Problem Statement

The Republic of AtCoder has N cities and M roads.

The cities are numbered 1 through N, and the roads are numbered 1 through M. Road i connects City A_i and City B_i bidirectionally.

There is a rush hour in the country that peaks at time 0. If you start going through Road i at time t, it will take C_i+ \left\lfloor \frac{D_i}{t+1} \right\rfloor time units to reach the other end. (\lfloor x\rfloor denotes the largest integer not exceeding x.)

Takahashi is planning to depart City 1 at time 0 or some integer time later and head to City N.

Print the earliest time when Takahashi can reach City N if he can stay in each city for an integer number of time units.
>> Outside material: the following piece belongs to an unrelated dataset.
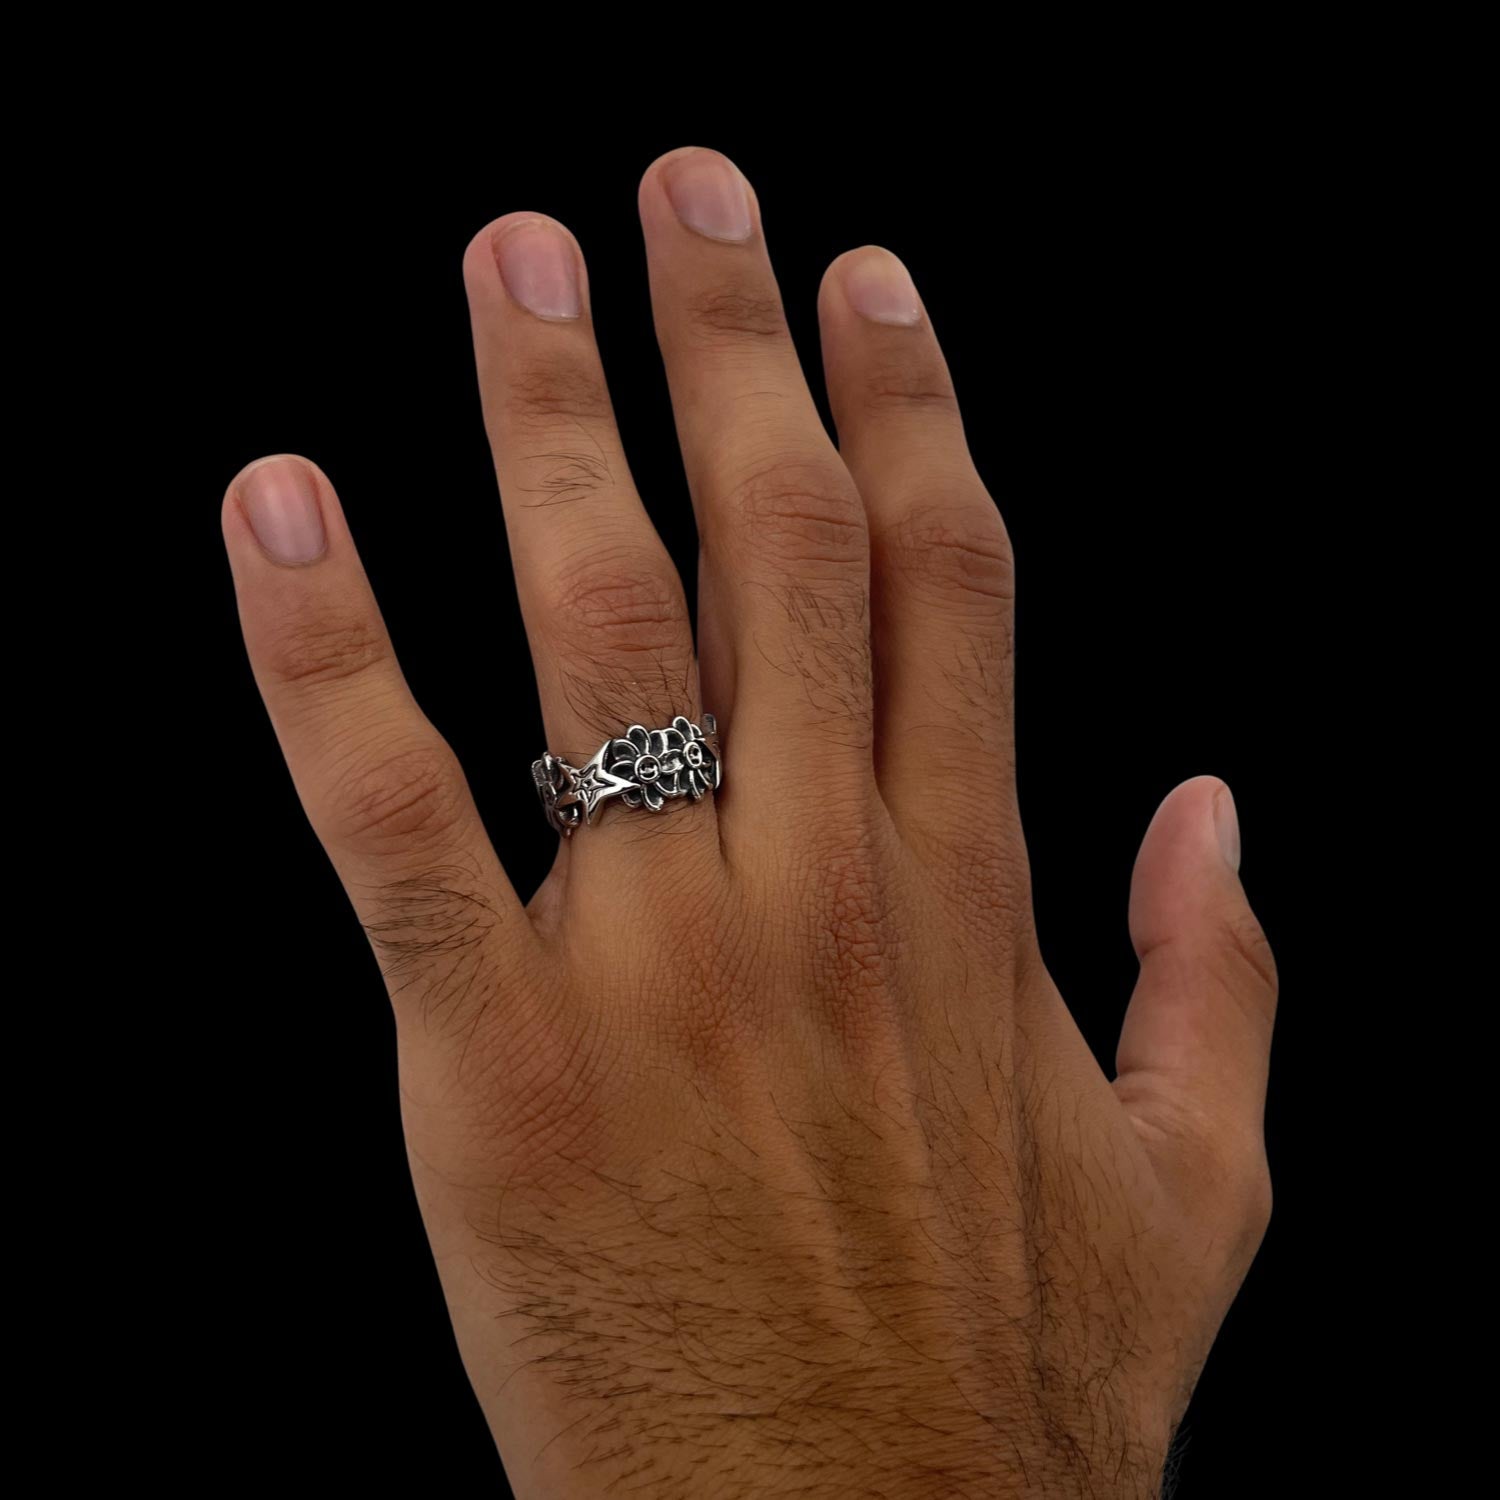 Daisy Chain Ring on male hand
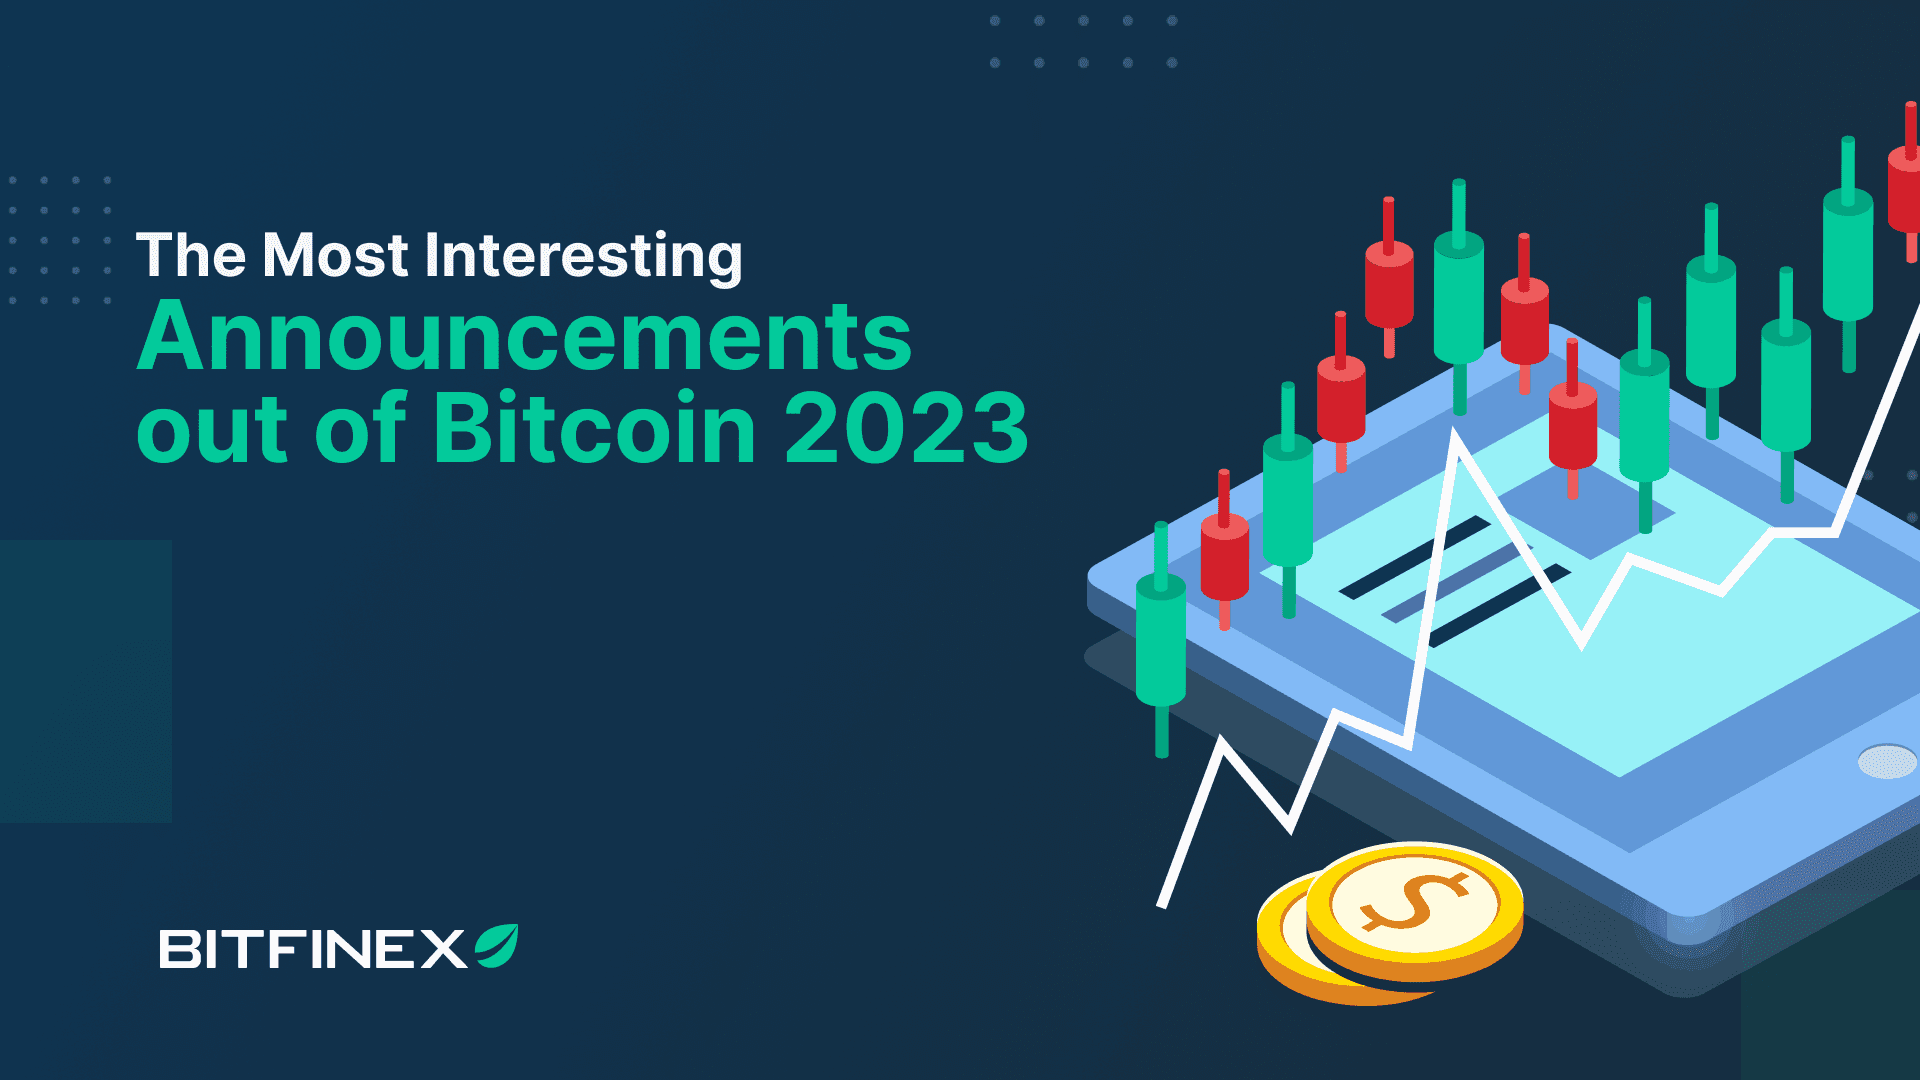 The Most Interesting Announcements out of Bitcoin 2023

It can be proved that the answer is an integer under the Constraints of this problem.

If City N is unreachable, print -1 instead.

Constraints

• 2 \leq N \leq 10^5
• 0 \leq M \leq 10^5
• 1 \leq A_i,B_i \leq N
• 0 \leq C_i,D_i \leq 10^9
• All values in input are integers.

Sample Input 1

2 1
1 2 2 3

Sample Output 1

4

We will first stay in City 1 until time 1. Then, at time 1, we will start going through Road 1, which will take 2+\left\lfloor \frac{3}{1+1} \right\rfloor = 3 time units before reaching City 2 at time 4.

It is impossible to reach City 2 earlier than time 4.

Sample Input 2

2 3
1 2 2 3
1 2 2 1
1 1 1 1

Sample Output 2

3

There may be multiple roads connecting the same pair of cities, and a road going from a city to the same city.

Sample Input 3

4 2
1 2 3 4
3 4 5 6

Sample Output 3

-1

There may be no path from City 1 to City N.

Sample Input 4

6 9
1 1 0 0
1 3 1 2
1 5 2 3
5 2 16 5
2 6 1 10
3 4 3 4
3 5 3 10
5 6 1 100
4 2 0 110

Sample Output 4

20